What you have to do:
Your answer must be the exact lines below, starting with the line with "International Ocean Film" and going on through the line with "chicago-gastro-location", both included, with no pictures.

Material for this task:
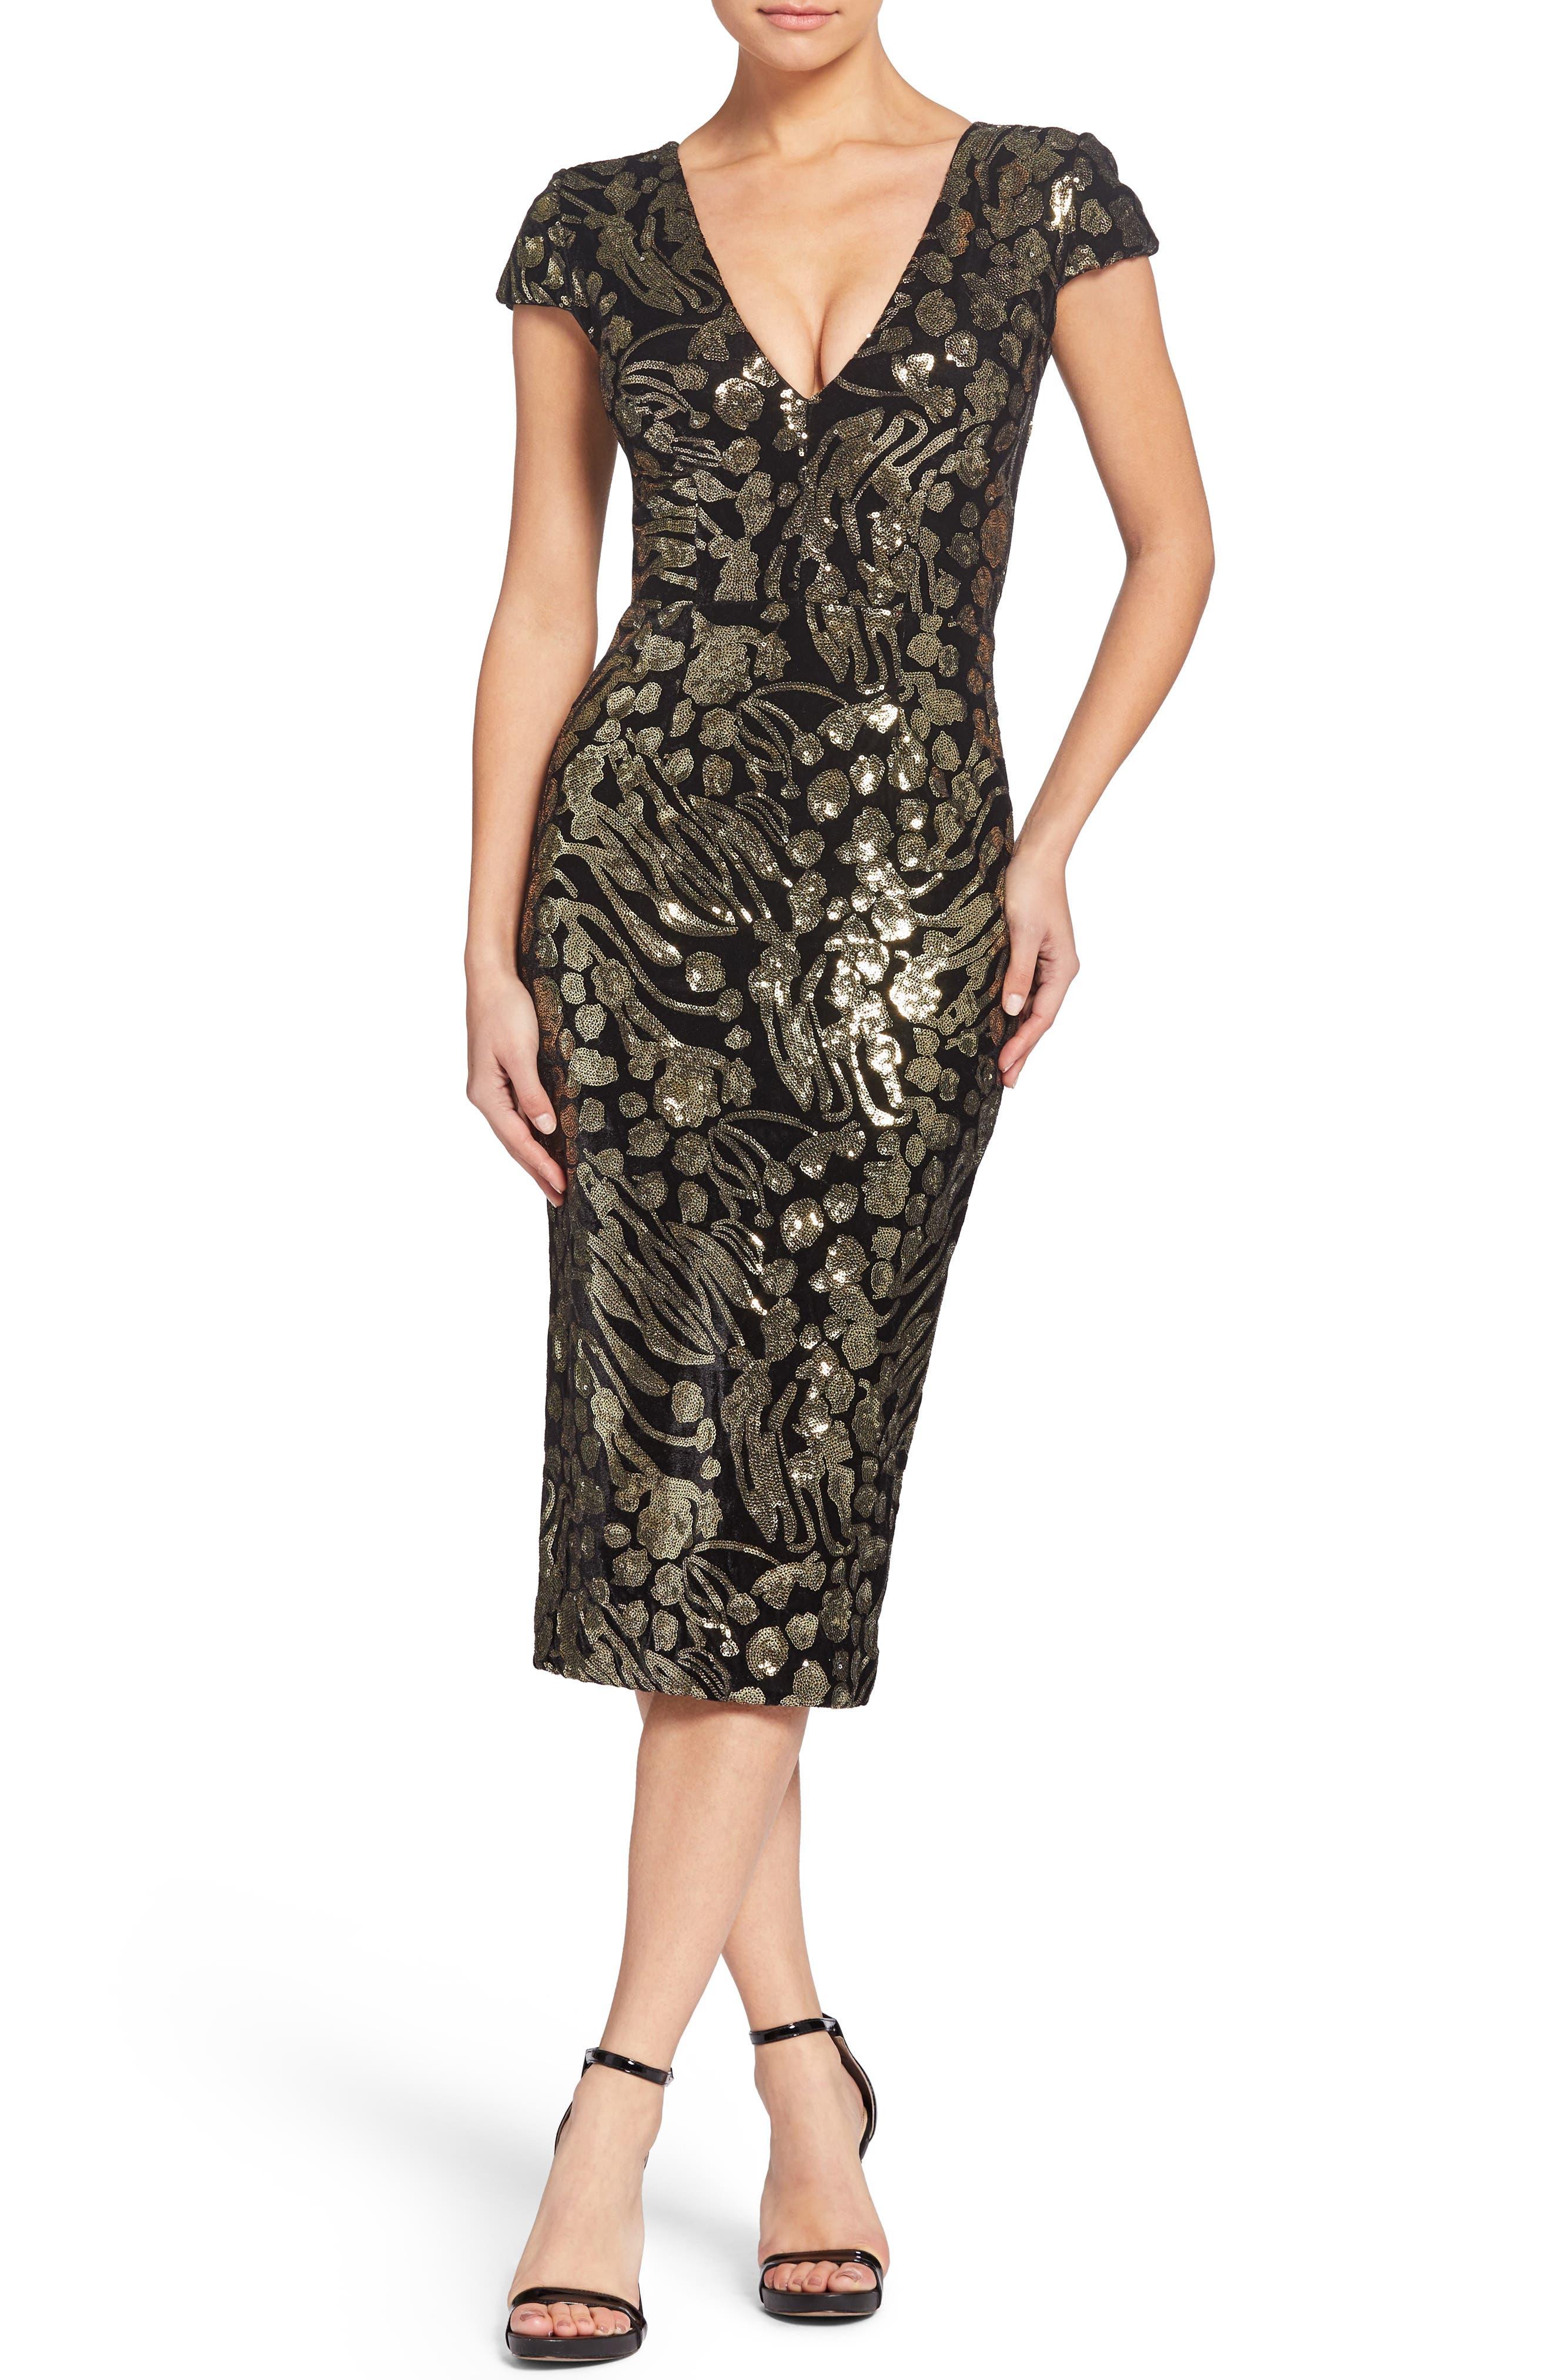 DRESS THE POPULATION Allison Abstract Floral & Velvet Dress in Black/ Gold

* * *

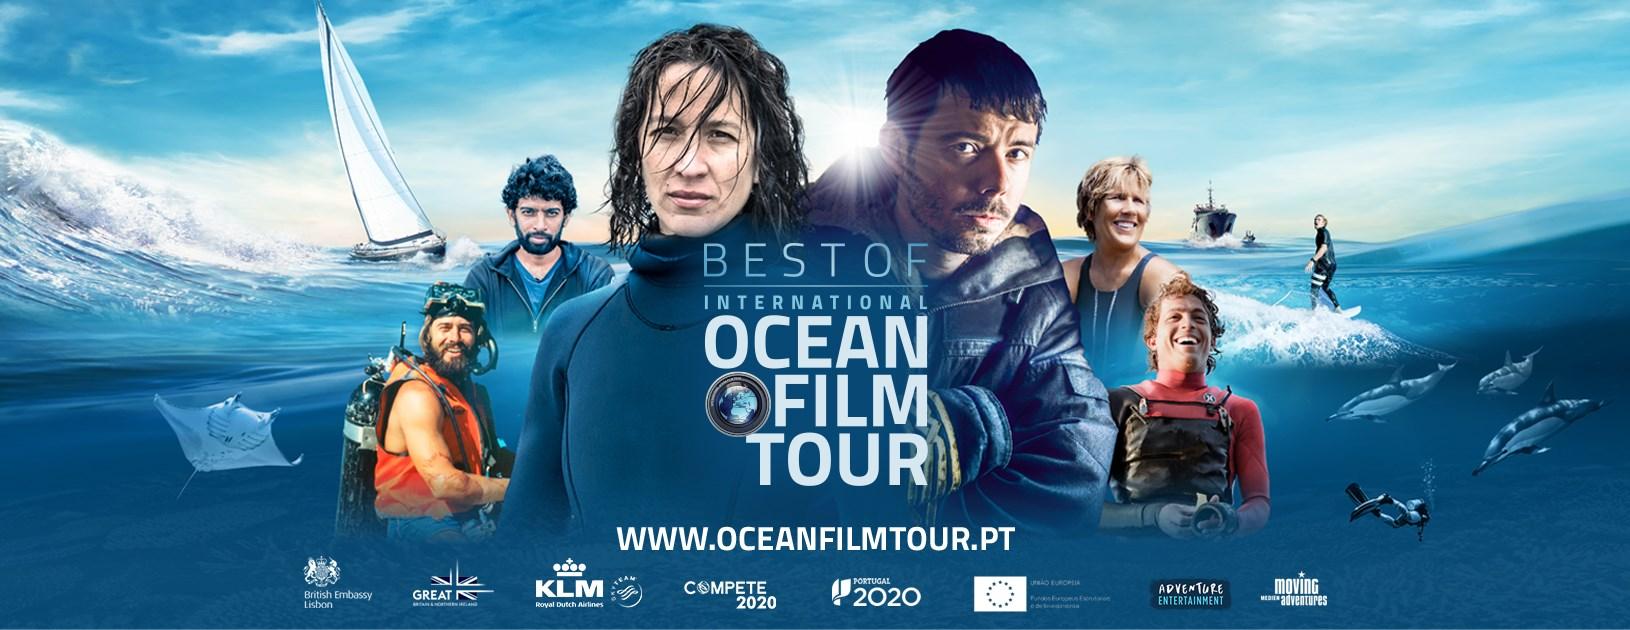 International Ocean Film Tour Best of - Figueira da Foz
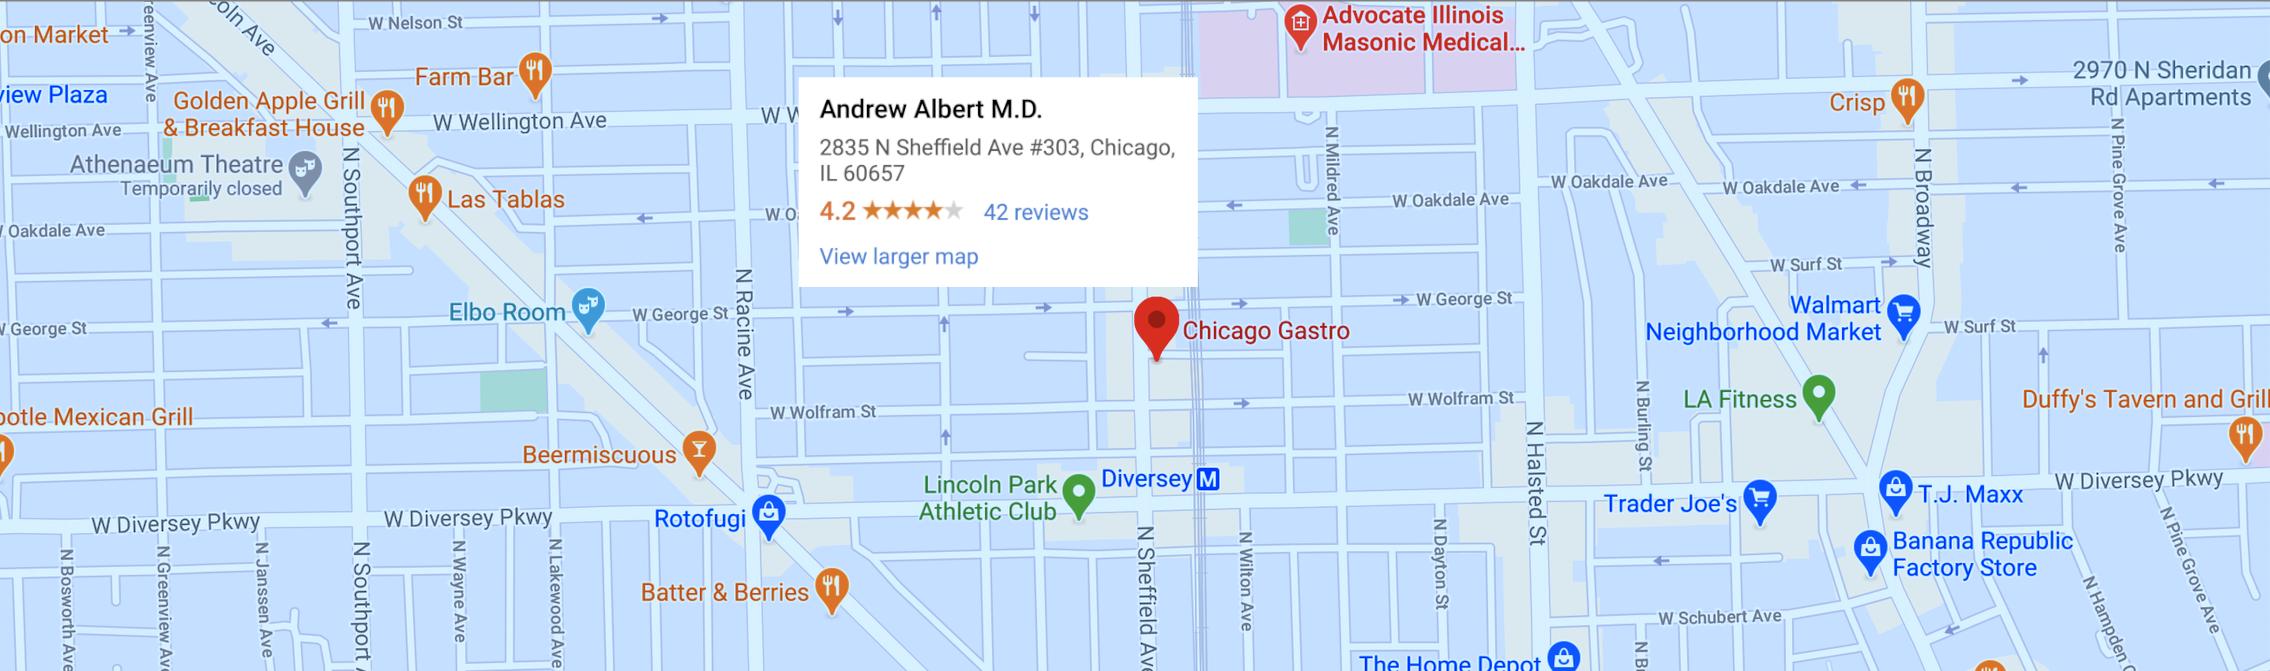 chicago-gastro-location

Answer below:
 International Ocean Film Tour Best of - Figueira da Foz
 chicago-gastro-location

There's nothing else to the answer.